I was auditing the following function, and suddenly this question arose. The function has a vulnerability at line 17.

// Create a character array and initialize it with init[]  // repeatedly. The size of this character array is specified by  // w*h. char *function4(unsigned int w, unsigned int h, char *init) {     char *buf;     int i;      if (w*h > 4096)         return (NULL);      buf = (char *)malloc(4096+1);     if (!buf)         return (NULL);      for (i=0; i<h; i++)         memcpy(&buf[i*w], init, w);  // line 17      buf[4096] = '\0';      return buf; } 

Consider both w and h are very large unsigned integers. The multiplication at line 9 have a chance to pass the validation.

Now the problem is at line 17. Multiply int i with unsigned int w: if the result is int, it is possible that the product is negative, resulting in accessing a position that is before buf. If the result is unsigned int, the product will always be positive, resulting in accessing a position that is after buf.

It’s hard to write code to justify this: int is too large. Does anyone has ideas on this?

Is there any documentation that specifies the type of the product? I have searched for it, but so far haven’t found anything.

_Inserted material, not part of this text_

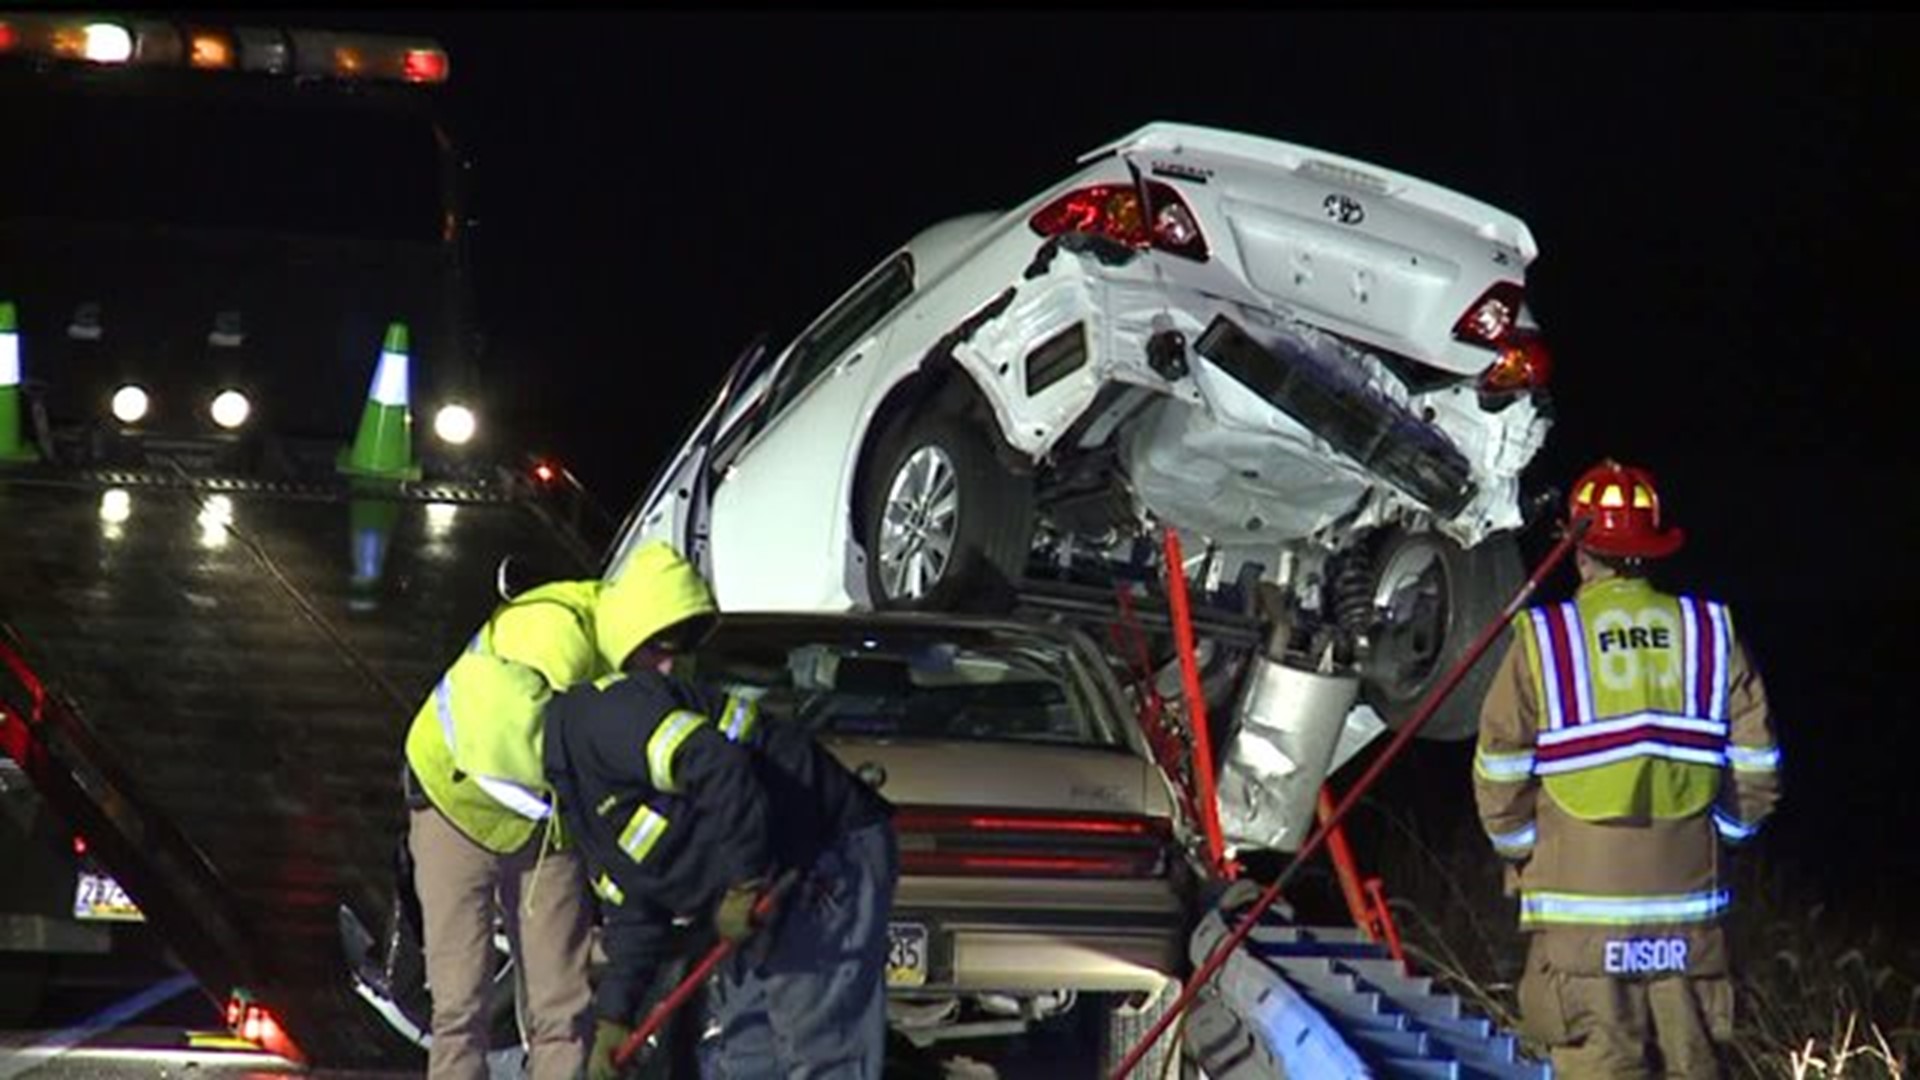 Injuries in four car crash on Route 283

I suppose that as far as the vulnerability is concerned, whether (unsigned int) * (int) produces unsigned int or int doesn’t matter, because in the compiled object file, they are just bytes. The following code works the same no matter the type of the product:

unsigned int x = 10; int y = -10;  printf('%d\n', x * y);  // print x * y in signed integer printf('%u\n', x * y);  // print x * y in unsigned integer 

Therefore, it does not matter what type the multiplication returns. It matters that whether the consumer function takes int or unsigned.

The question here is not how bad the function is, or how to improve the function to make it better. The function undoubtedly has a vulnerability. The question is about the exact behavior of the function, based on the prescribed behavior from the standards.